The projected 2015 growth is a slight downward revision from our previous forecast of 3.0 per cent, reflecting the negative impact of expected lower oil prices on income growth in the province. Restrained by declining agricultural production last year, RBC downwardly revised their 2014 real GDP forecast to 1.1 per cent from the previously estimated 1.3 per cent.
According to RBC, Saskatchewan's growth in 2015 is expected to get a boost from some recovery in non-energy mining activity after indications that activity was restrained in the first half of 2014 by cutbacks in potash production.
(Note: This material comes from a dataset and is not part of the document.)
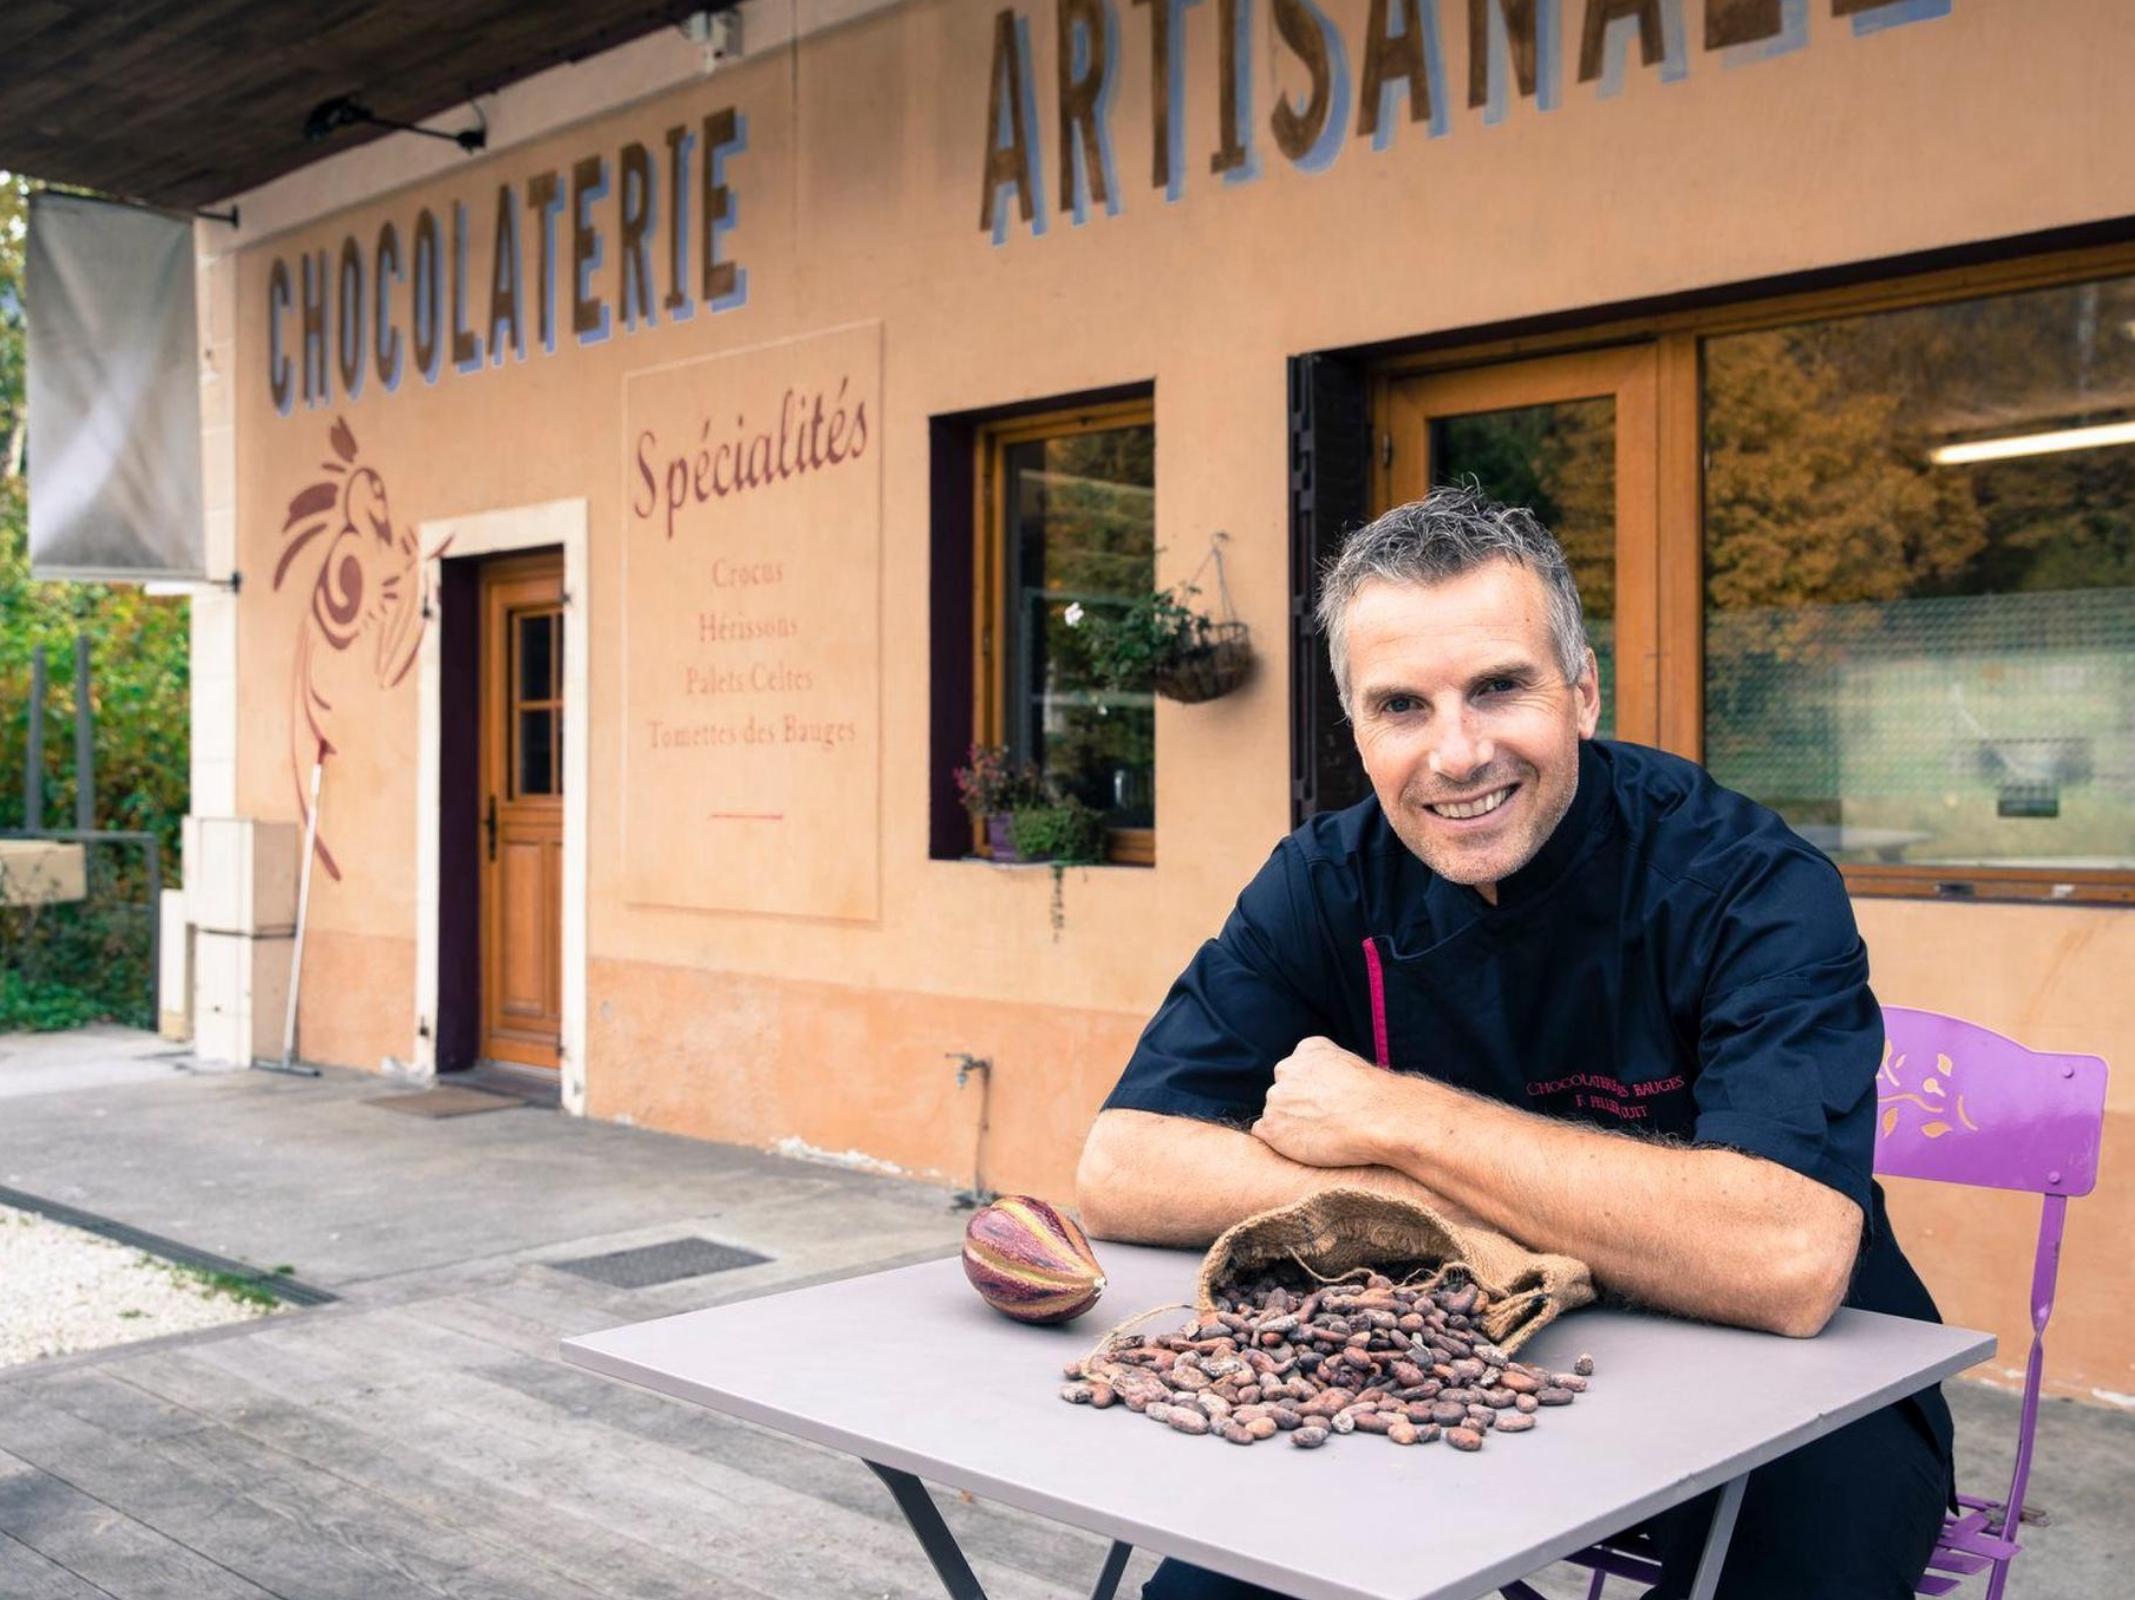 Frédéric Pellier Cuit - Chocolaterie des Bauges - Marché des Producteurs - Les Trésoms Annecy

"Recent data is tentatively suggesting some easing from the declining activity that prevailed over the first half of this year," said Craig Wright, senior vice-president and chief economist, RBC. "A modest improvement in global demand that we expect should pave the way for a further strengthening in potash production in the province next year and into 2016."
More positive trends in the provincial labour market are also expected to contribute to growth. Solid employment gains and continued robust immigration into Saskatchewan have contributed to housing starts rebounding more than expected in 2014 to 8,600. Assuming a rise in interest rates beginning in 2015, RBC forecasts provincial housing starts to moderate to a still solid 8,100 units next year before moderating further to 7,000 in 2016.
"The recent employment numbers in the province support indications of an increase in housing starts in 2014 from the 8,300 recorded in 2013," added Wright. "However, the expected rise in interest rates in 2015 will exert a cooling effect on new home construction and lead to a moderation in starts."
Gains in agriculture and non-energy mining are expected to contribute to business investment strengthening in both 2015 and 2016, after indications of relatively flat capital expenditure in 2014. Cutbacks to investment spending in the energy sector present some downside risks to this outlook.
The RBC Economics Provincial Outlook assesses the provinces according to economic growth, employment growth, unemployment rates, retail sales, housing starts, and consumer price indices. The full report and provincial details are available online as of 8 a.m. ET today at rbc.com/economics/economic-reports/provincial-economic-forecasts.html.